One ends up with a huge amount of loose parts. Luckily, I have saved coffee cans for years.
While I was about it, I fixed up the 12 chest lids. The old gaskets were ripped off, and the glue carefully washed off. The gluing areas were masked, and a coat of fresh orange shellac was applied. All the lids are alike, but not interchangeable. The upper lid can be distinguished by its having a label listing all the patents. Each lid has a little hardwood truss located near the place where the chest dividing plate touches. This must have been to prevent the thin lid from bowing out in the middle, and loosing gasket contact with the plate. These were broken off, and reattached with fresh glue and new screws.
The gaskets used on these lids are thick, soft blotting paper, not leather. A very extensive net search failed to find any supplier in the USA who could furnish this, except as a special "carload lot" order. I finally found such paper at a fine art and conservation supply house in England:
Conservation By Design Limited
Timecare Works, 5 Singer Way
Woburn Road Industrial Estate
KEMPSTON, BEDFORD MK42 7AW
info@conservation-by-design.co.uk
Their item XHB600 is approximately 3/32" thick in sheets 40 x 30 in, available in packs of 10 sheets at £ 30.00 per pack The damn freight foam England was more than the paper.
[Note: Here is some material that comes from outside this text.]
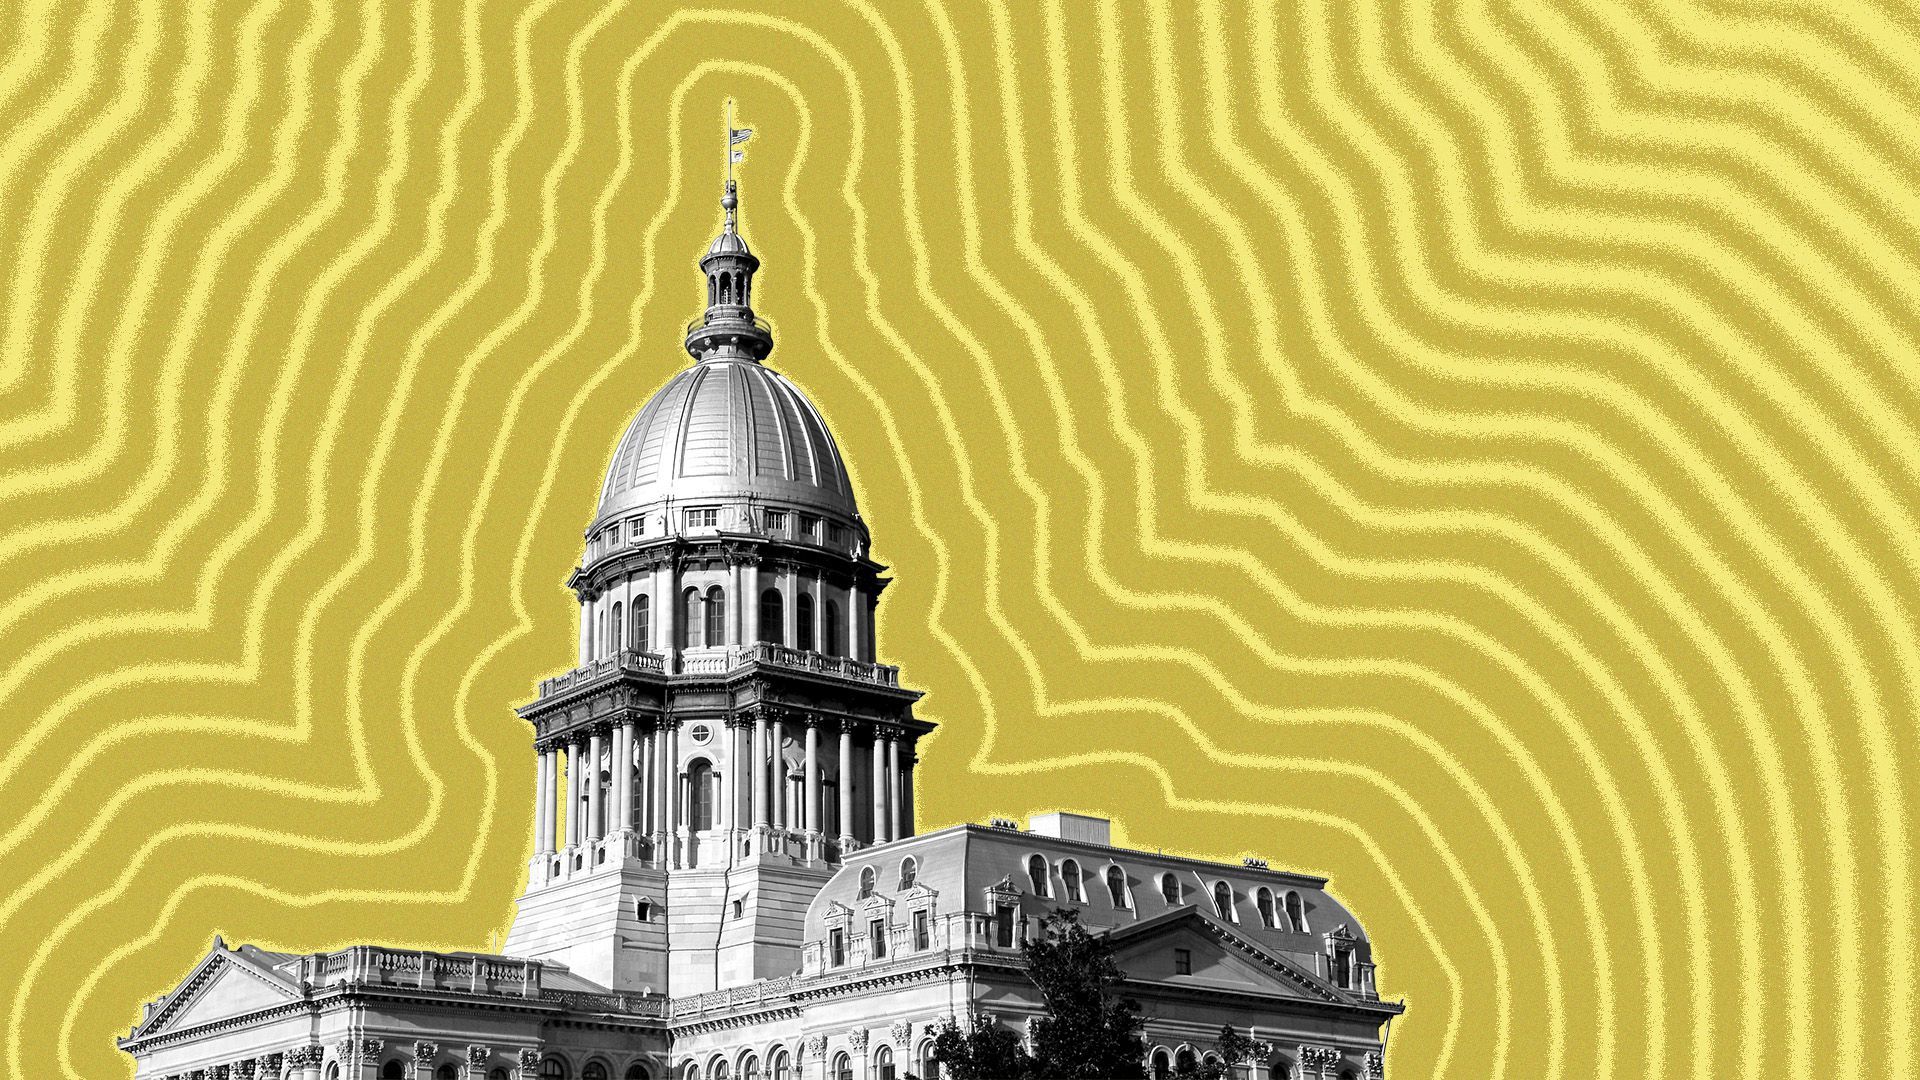 Illustration of the Illinois State Capitol building with lines radiating from it.

If anyone knows a domestic source for thick blotting paper, let me know!
Throughout the organ, such paper gaskets are trimmed about 3/4" wide, so I needed one inch strips. I took the two bundles I bought to a local print shop, where I had them cut the bundles into 1" x 36" strips with their big hydraulic cutter.
Unlike leather strip gaskets, paper strips will not stretch or shrink by pushing around in the hot glue. Where one first puts the paper sown on the hot glue is where it stays, with no latitude for adjustment. So the pieces have to be cut to size and accurately punched beforehand. Luckily the drilling pattern for all the lids are the same, and symmetrical. So it was possible to put several strips on the cutting board together, mark for the holes with a ruler and square, cut to the untrimmed length, and punched. 48 lengthwise pieces and 24 end pieces, plus spares for the ones that get messed up, are required.
First the four side pieces are glued on, except for the areas near the ends. Then the ends of the strips are trimmed as shown, and then the cut line where the end pieces will be butted is accurately made with a square. All the places where the gasket pieces form butt joints must be squarely and cleanly cut, since the paper joints won't "scrunch up" tight, unlike leather ones.
Then the end areas are glued, and the end pieces attached. After the glue is fully dried, the excess is trimmed off.
Following the original design, the strip of gasket that seals to the rank dividing plate is made of soft, thick deerskin, not paper. It has to be accurately cut to length so as to butt tightly with the side gasket strips.